▶ The problem: Of the lines below, report only those that contain "Photo".

▶ Given data:
════

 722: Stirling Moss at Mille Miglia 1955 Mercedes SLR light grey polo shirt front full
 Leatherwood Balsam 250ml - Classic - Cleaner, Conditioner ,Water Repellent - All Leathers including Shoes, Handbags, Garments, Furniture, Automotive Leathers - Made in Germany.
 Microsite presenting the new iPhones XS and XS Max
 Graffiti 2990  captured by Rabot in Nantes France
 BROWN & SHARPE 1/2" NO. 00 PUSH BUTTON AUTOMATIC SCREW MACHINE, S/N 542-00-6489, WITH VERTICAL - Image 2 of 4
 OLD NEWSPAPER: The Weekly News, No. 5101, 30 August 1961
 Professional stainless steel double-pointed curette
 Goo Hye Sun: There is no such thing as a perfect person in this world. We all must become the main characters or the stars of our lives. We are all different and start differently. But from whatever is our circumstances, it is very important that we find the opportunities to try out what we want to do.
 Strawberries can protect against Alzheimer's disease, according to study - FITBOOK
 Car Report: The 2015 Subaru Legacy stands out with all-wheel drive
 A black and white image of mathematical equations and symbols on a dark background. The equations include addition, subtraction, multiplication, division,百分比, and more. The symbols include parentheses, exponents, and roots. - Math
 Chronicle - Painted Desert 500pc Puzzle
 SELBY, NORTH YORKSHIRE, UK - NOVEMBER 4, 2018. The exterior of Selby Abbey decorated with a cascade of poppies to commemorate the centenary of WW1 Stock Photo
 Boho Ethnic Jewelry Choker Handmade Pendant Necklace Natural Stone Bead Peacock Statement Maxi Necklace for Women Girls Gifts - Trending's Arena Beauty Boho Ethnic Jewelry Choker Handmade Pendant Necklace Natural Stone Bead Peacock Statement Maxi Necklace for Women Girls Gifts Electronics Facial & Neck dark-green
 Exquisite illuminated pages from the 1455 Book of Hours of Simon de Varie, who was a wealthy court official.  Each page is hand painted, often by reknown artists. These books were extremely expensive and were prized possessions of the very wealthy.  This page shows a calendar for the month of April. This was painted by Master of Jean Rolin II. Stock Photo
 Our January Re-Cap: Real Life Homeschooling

════

▶ Response below:
 SELBY, NORTH YORKSHIRE, UK - NOVEMBER 4, 2018. The exterior of Selby Abbey decorated with a cascade of poppies to commemorate the centenary of WW1 Stock Photo
 Exquisite illuminated pages from the 1455 Book of Hours of Simon de Varie, who was a wealthy court official.  Each page is hand painted, often by reknown artists. These books were extremely expensive and were prized possessions of the very wealthy.  This page shows a calendar for the month of April. This was painted by Master of Jean Rolin II. Stock Photo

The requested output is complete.